American men also feel more sexual jealousy compared to German men when asked which would cause them more distress: i) a partner having formed a strong emotional attachment with another person or ii) a partner having passionate sexual intercourse with another person. Scenario i) measured emotional jealousy and scenario ii) measured sexual jealousy. The American men reported 33% greater sexual and emotional jealousy compared to German men.

Greater sexual jealousy seen in American men may be because in American culture, love, sex, family relationships and marriage are strongly connected. So when partners entangle with others, loss of love and relationship and therefore sexual jealousy, are all likely to be felt.

Additionally, in Western culture, women are more likely than men to trigger sexual jealousy.

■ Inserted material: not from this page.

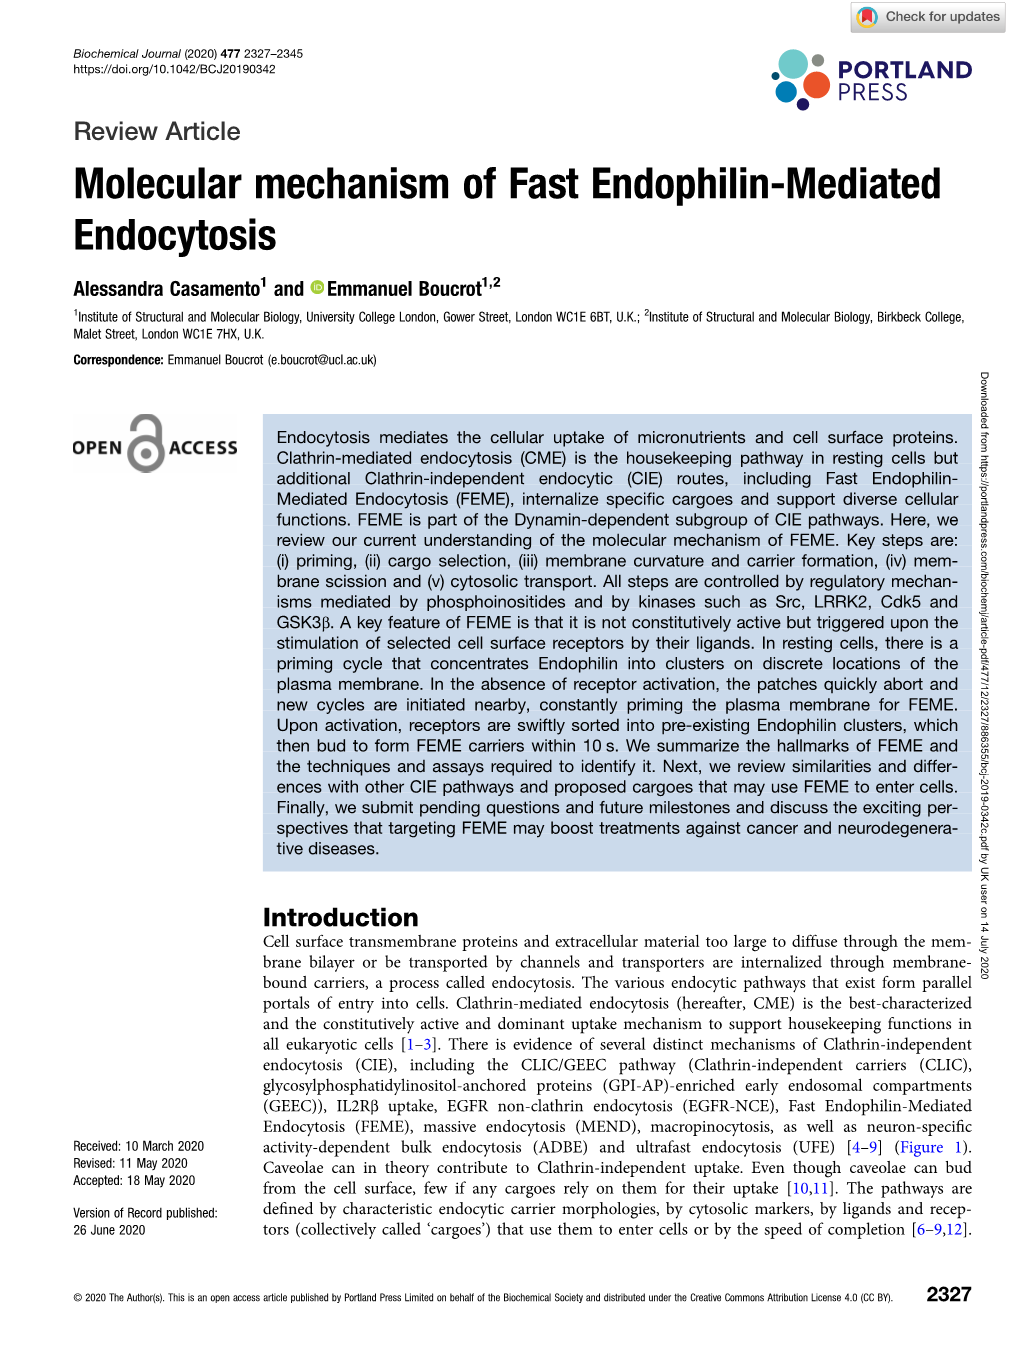 Molecular Mechanism of Fast Endophilin-Mediated Endocytosis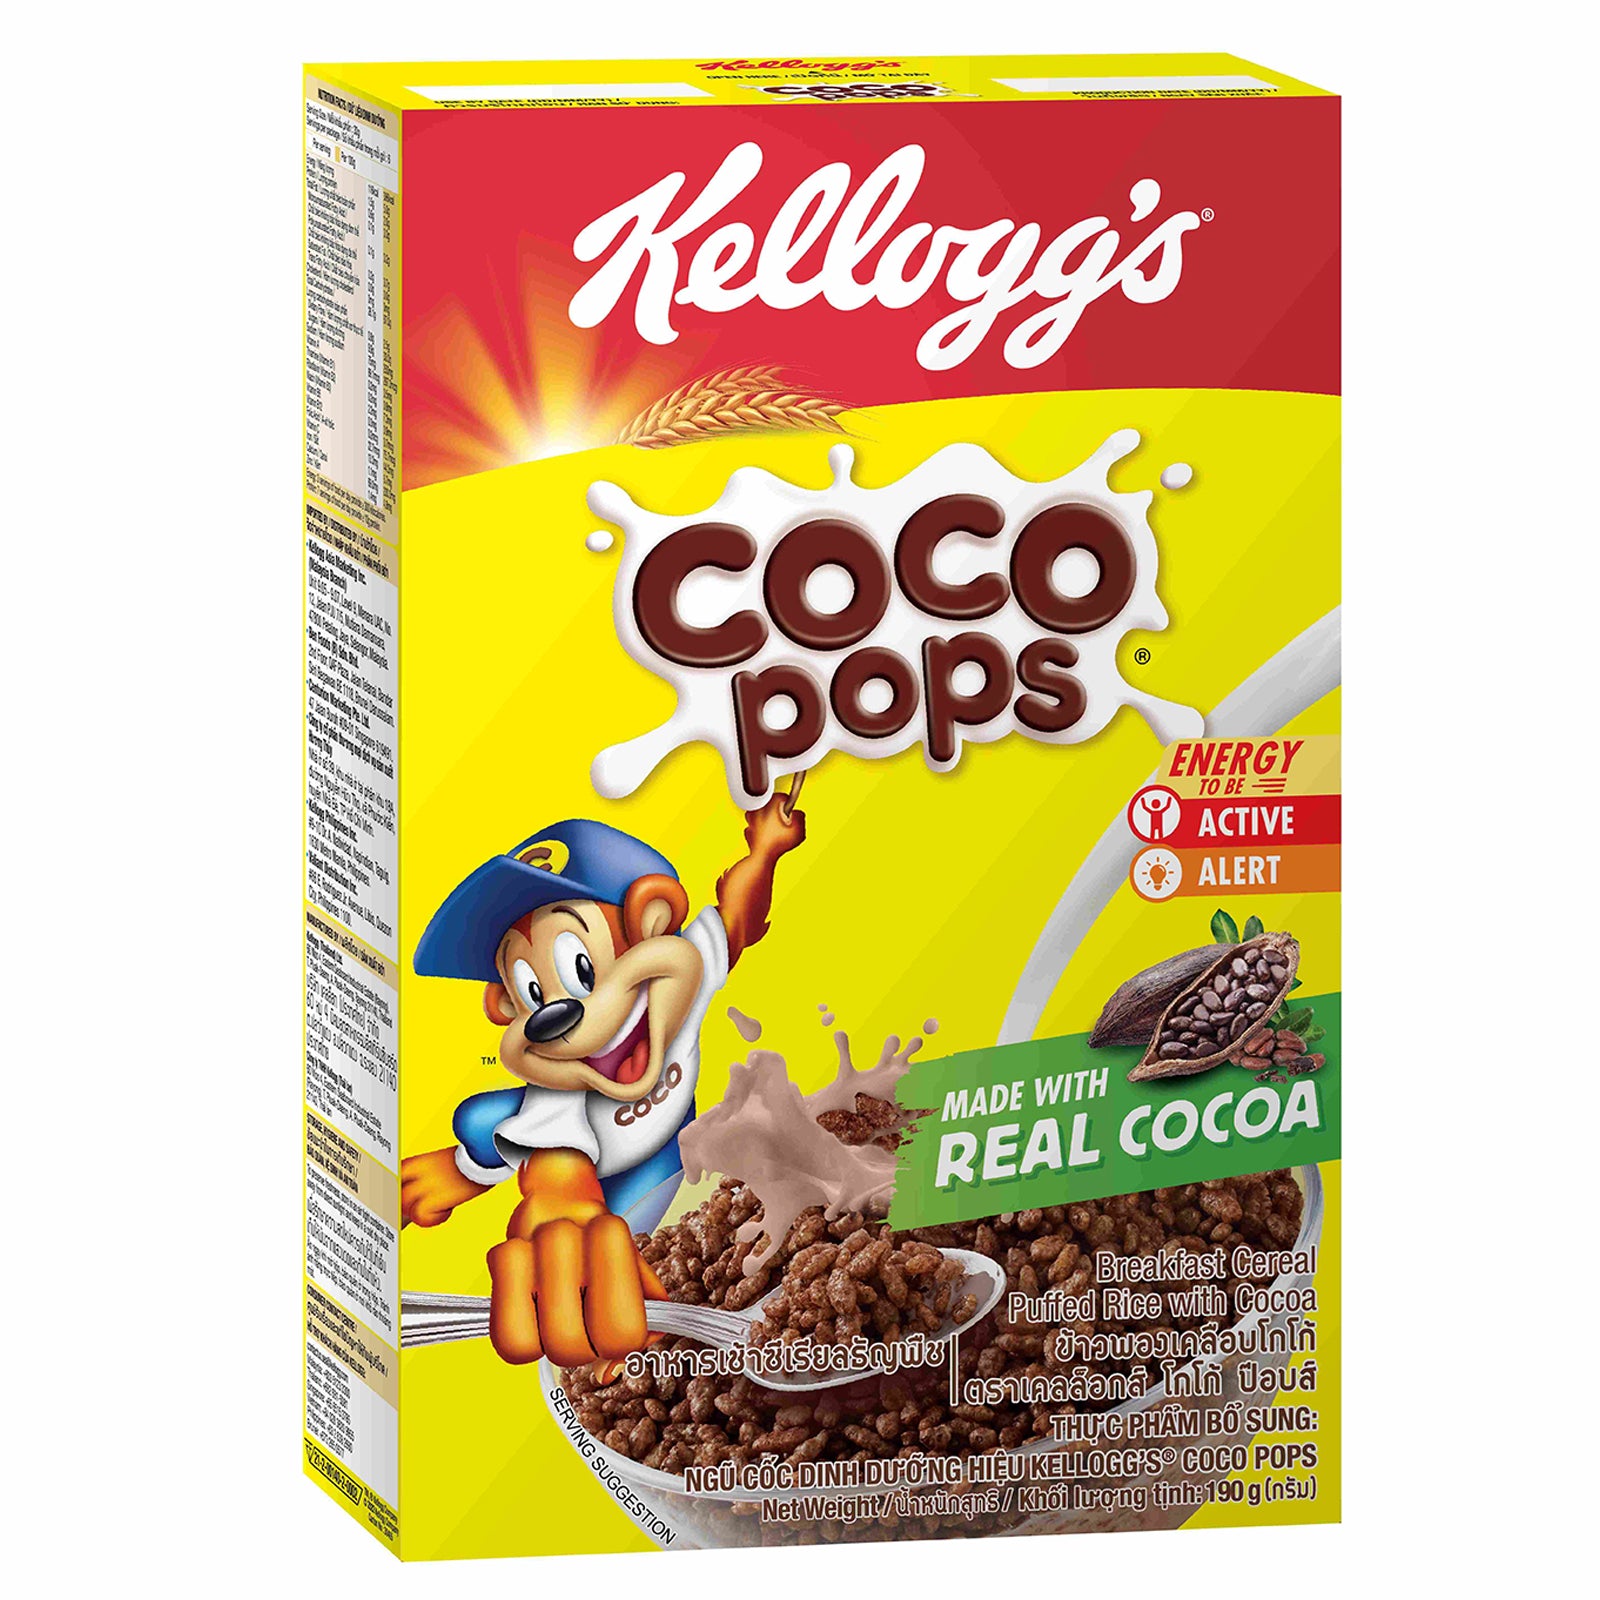 Kellogg's Honey & Nuts Corn Flakes 360g

Inducing sexual jealousy is to increase their partner's attention towards them and counteract sexual and emotional jealousy.

However, Western culture now is mainly monogamous which is very different from the environments in which the majority of evolution thus far has occurred. Therefore, evolutionarily it is likely that different past cultures also showed differences in sexual jealousy.

=== In Asian or Eastern cultures ===
Cross-cultural comparisons between China and United States reveal that, regardless of nation, men show greater sexual jealousy than women. Females show significantly higher levels of emotional jealousy. In contrast, between the nations, both men and women from the United States show greater sexual jealousy than Chinese individuals.

In contemporary India, sexual jealousy is a primary cause of violence towards women compared to other causes. In an Indian sample, approximately fifty-one per cent of the violence towards women was due to sexual jealousy.

In history, between 1880 and 1925, there was a large number of suicides amongst Indian immigrants on plantations in Fiji that reports attributed to sexual jealousy. Sexual jealousy was high amongst these immigrants due to the disproportionate ratio of sexes: a high number of men to a low number of women. In suicide reports, sexual jealousy was described as a "racial trait" belonging to Indian men and was evoked when European men slept with Indian women during an era of European colonization of India.

== Explanations for cross-cultural differences ==

=== Evolutionary psychology model ===
The differences in feelings of jealousy across cultures support the evolutionary psychological model. Different weights are given to triggers of sexual jealousy depending on the culture. In liberal cultures, male mating effort is based on the number of women the male has copulated with. These men therefore invest less time in each woman and thus exhibit less sexual jealousy.

=== Paternity certainty ===
Paternity certainty is the extent to which a man knows or believes that a woman's child is his.

In polygamous societies, men feel greater sexual jealousy when there is low paternity certainty. This is because they do not want to risk wasting time, energy and resources on a child that is not theirs.

Socio-economic differences between cultures also affect paternity certainty. In a natural fertility country such as Namibia, 96% of males show sexual jealousy.

Additionally, there is greater likelihood of paternity loss and paternity uncertainty when there is a lack of contraceptives. This provides an explanation for why industrialised countries tend to show lower sexual jealousy compared to pre-industrialised countries.